Update architecture and tokenizer

102f1bb verified 13 days ago

3.62 kB

	---
	language:
	- en
	license: mit
	library_name: transformers
	pipeline_tag: text-generation
	tags:
	- pytorch
	- research
	- sparse-attention
	- mixture-of-experts
	---

	# SHRAM — Sparse Hybrid Token Routed Attention Mixture

	A research baseline implementing the SHRAM architecture from "An Examination of Sparse
	Attention for Long Context Purposes." No pretrained weights — pull the architecture from
	the Hub and instantiate a freshly initialised model from config. Every parameter is
	overridable at instantiation time via kwargs.

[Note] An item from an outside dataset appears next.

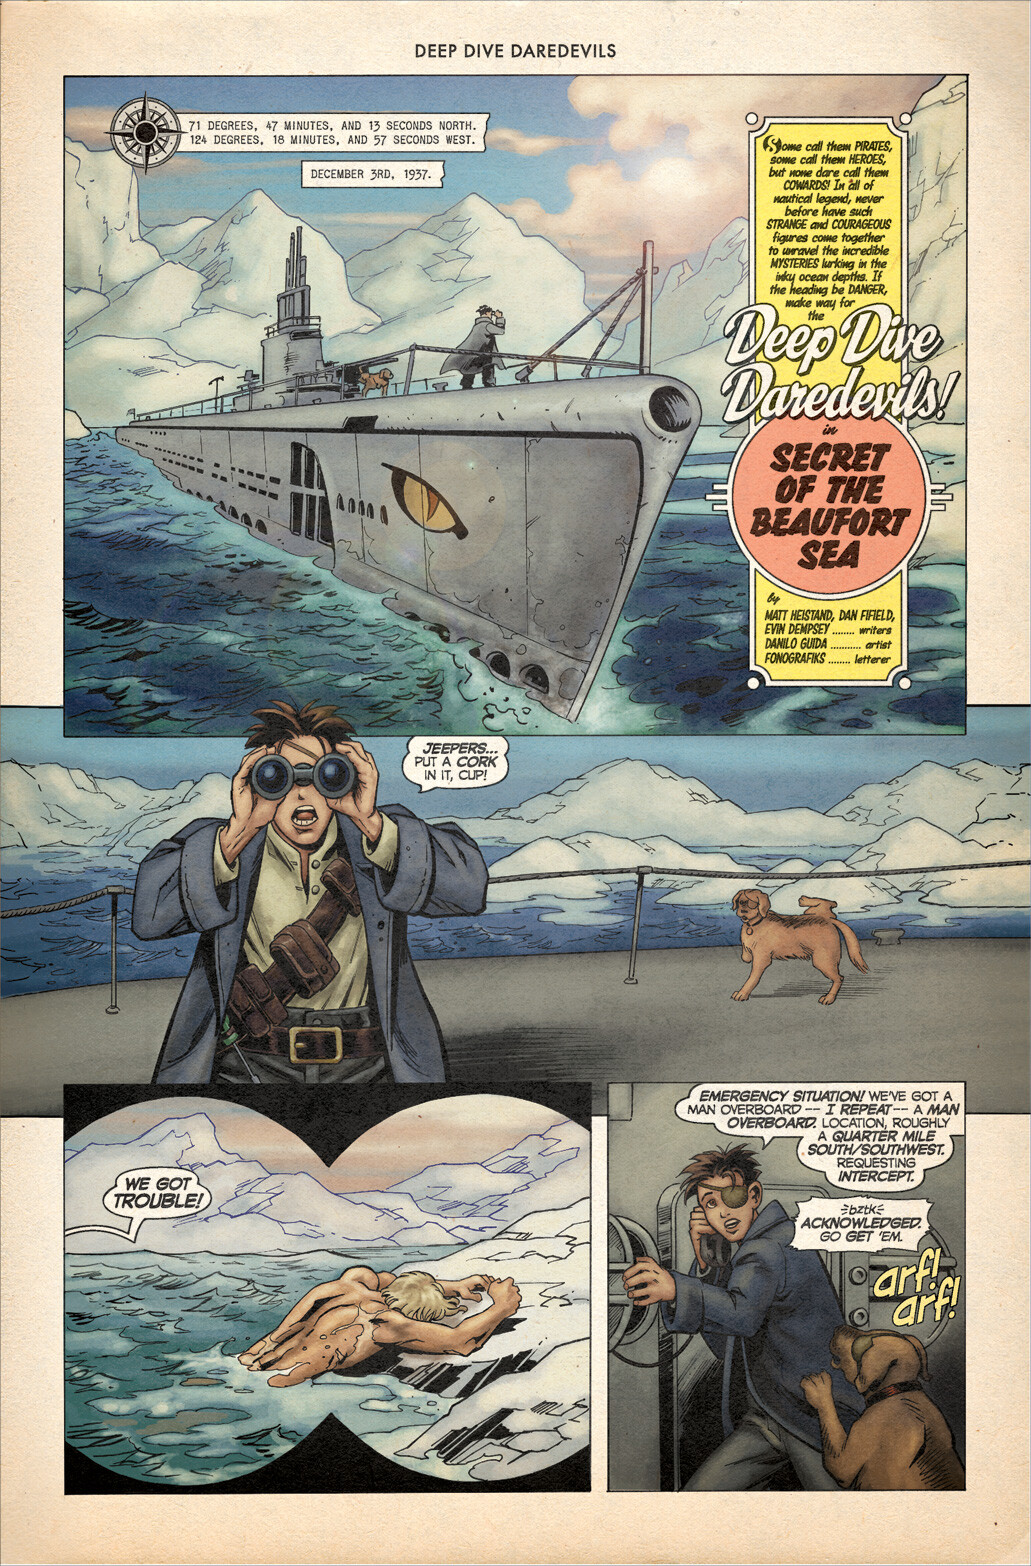 Deep Dive Daredevils, The Secret of the Beaufort Sea.
Page 2

	> Important: `trust_remote_code=True` is required. It downloads the architecture
	> source files from the Hub and imports them into your Python process. Review the
	> source at [smithblack-0/SHRAM-dev](https://huggingface.co/smithblack-0/SHRAM-dev) before use. Those interested can also
	> clone the git repository at https://github.com/smithblack-0/advanced-transformers-lib

	## Architecture

	SHRAM replaces every standard attention layer with a hybrid layer `H(x) = h_l(x) + h_s(x)`:

	- h_l — local sliding-window causal attention path.
	- h_s — MoSRAH sparse routed path. Each token selects K of L available expert heads
	via token-choice routing. Bottlenecked Ensemble Attention (BEA) is applied per head.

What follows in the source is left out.